As tempting as it was to call out his bullshit, I couldn’t forget he’d have plenty of say over how all this footage would be edited.

“With the time difference, the kids are already at their day camps. It’s actually Shawn.

He’s throwing up, so can we be excused from the club? ”

Troy looked to Zara, but she just threw up her hands, walking off. “Your call. After all, the ‘story’ isn’t my department, is it?”

Troy granted our pardon with surprising nonchalance, and I could only assume he was occupied with whatever he’d done to rankle Zara. I wished I could debrief it with PB, but for all I knew Troy was again concocting stunts based solely on something PB himself had engineered.

The bathroom door stayed locked until the others departed, all dolled up for the club.

As I tried to discern whether room service had a Chinese version of crackers and ginger ale, Shawn blithely barreled into the kitchen.

I reflexively recoiled when he kissed me, prompting him to burst out laughing.

“I’m not sick. I overheard Troy on the phone complaining to the network.

The hotel removed all the built-in cameras while we were in Huangshan because they had the wrap days confused.

Look, the one in that corner’s gone.” He nodded to his left, and a tiny hole in the wall was indeed all that remained.

“Troy’s only staging this ‘club night’ for filler. ”

“Wait, you faked all that? I was starting to think you had dysentery.”

“See? I’m a great actor,” he teased, nuzzling me.

“But why the big show?”

“It’s our last night together, and we get to actually be alone, unrecorded? I wasn’t passing that up.” He unzipped my pants, but I instinctively stopped him, embarrassed.

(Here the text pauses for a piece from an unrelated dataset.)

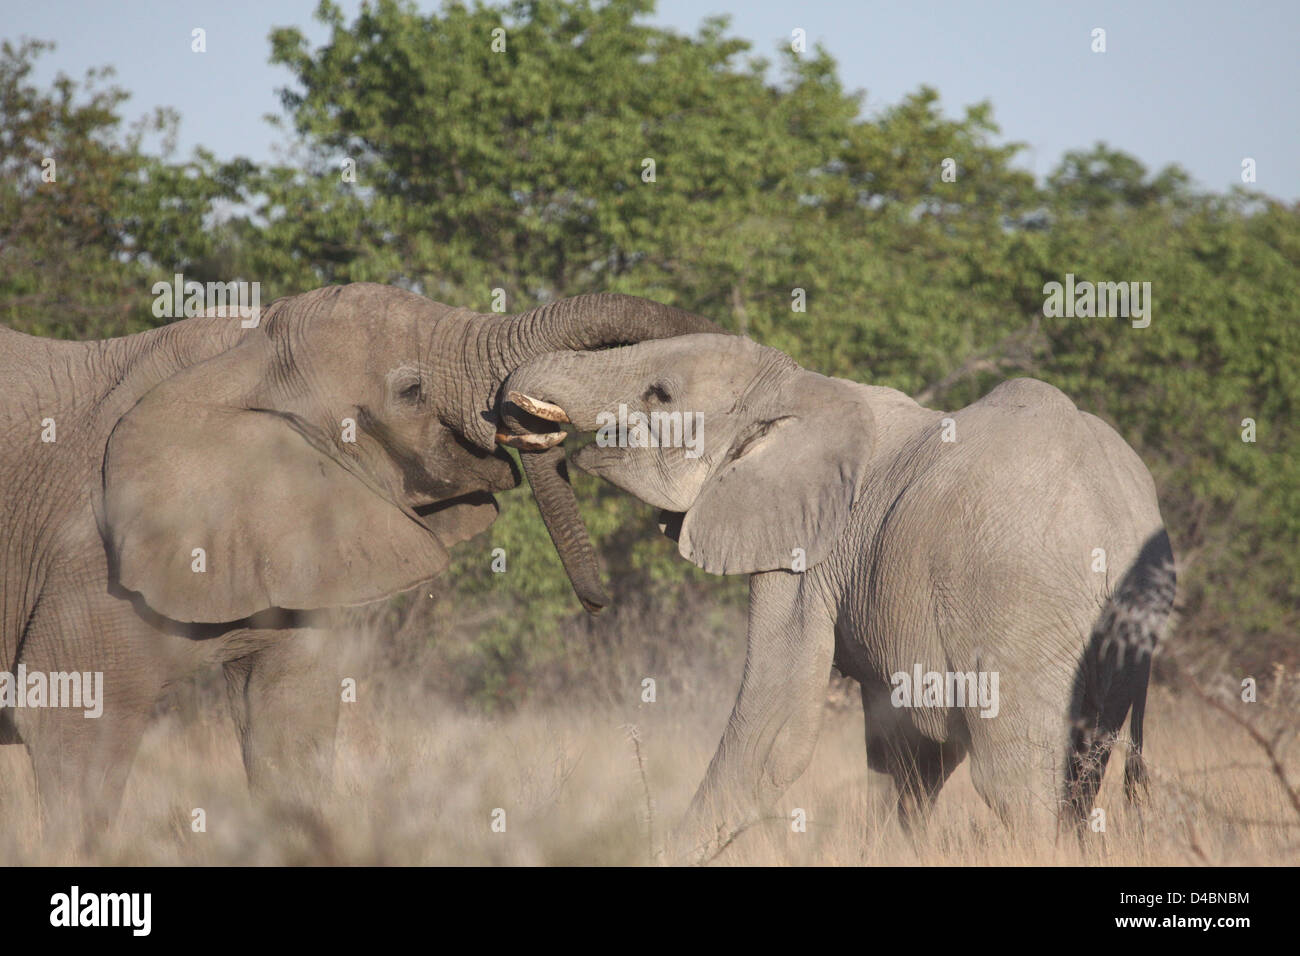 Elephants socialising, Etosha National Park, Namibia Stock Photo
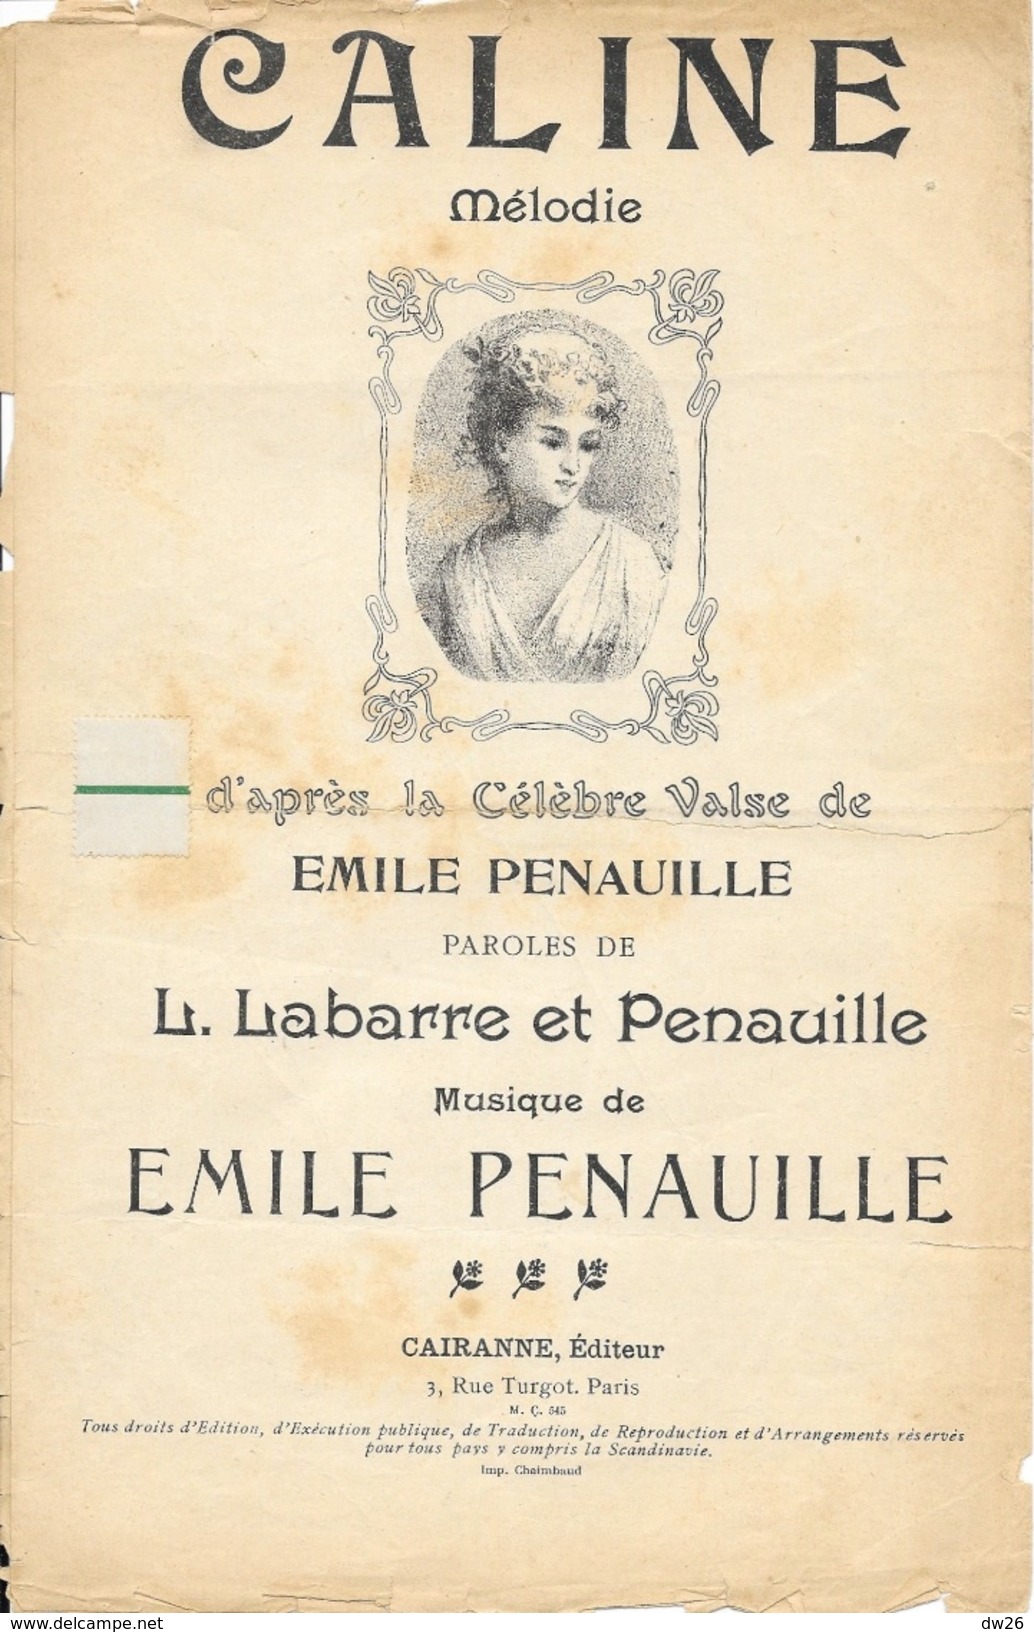 Partition: Caline (Mélodie, Valse) - Paroles De L. Labarre Et Pénauille, Musique Emile Pénauille - Partitions Musicales Anciennes

“But your celibacy… Are you sure?”

“The fact that you’re asking is exactly why I’m sure.” He took my face in his hands and kissed me, cool palms absorbing the heat from my burning cheeks. “Are you not?”

I tried to summon an answer, suddenly feeling like the collapsed columns decorating the Arena, my cracked pieces restacked yet still not quite in alignment.

It had been so long since I’d slept with someone new, but I couldn’t deny that I needed this.

Not just the act, but him specifically, this person who saw more in me than fault and regret.

When he looked at me, I wasn’t the man who had spent half his life on autopilot.

In Shawn’s arms, I became a kid again, basking in that fleeting moment when it’s still truly possible to change your life. “No, I’m sure.”

Soon enough, Shawn was spread-eagled on the kitchen island, my face buried in his crotch.

I gazed up his torso, our eyes locked as he stroked my head, gently pressing himself down my throat.

I didn’t let his feet touch the floor when I carried him to our room.

We hastily shoved the mattresses together, but he paused when he moved to ride me, no doubt seeing the crisis again flickering in my eyes. “Is this okay? We can switch.”

I was suddenly so scared I’d disappoint him, that I’d prove to us both why my husband had cheated on me. After all, how long had it been since I’d topped Barnes? “Do you want to?”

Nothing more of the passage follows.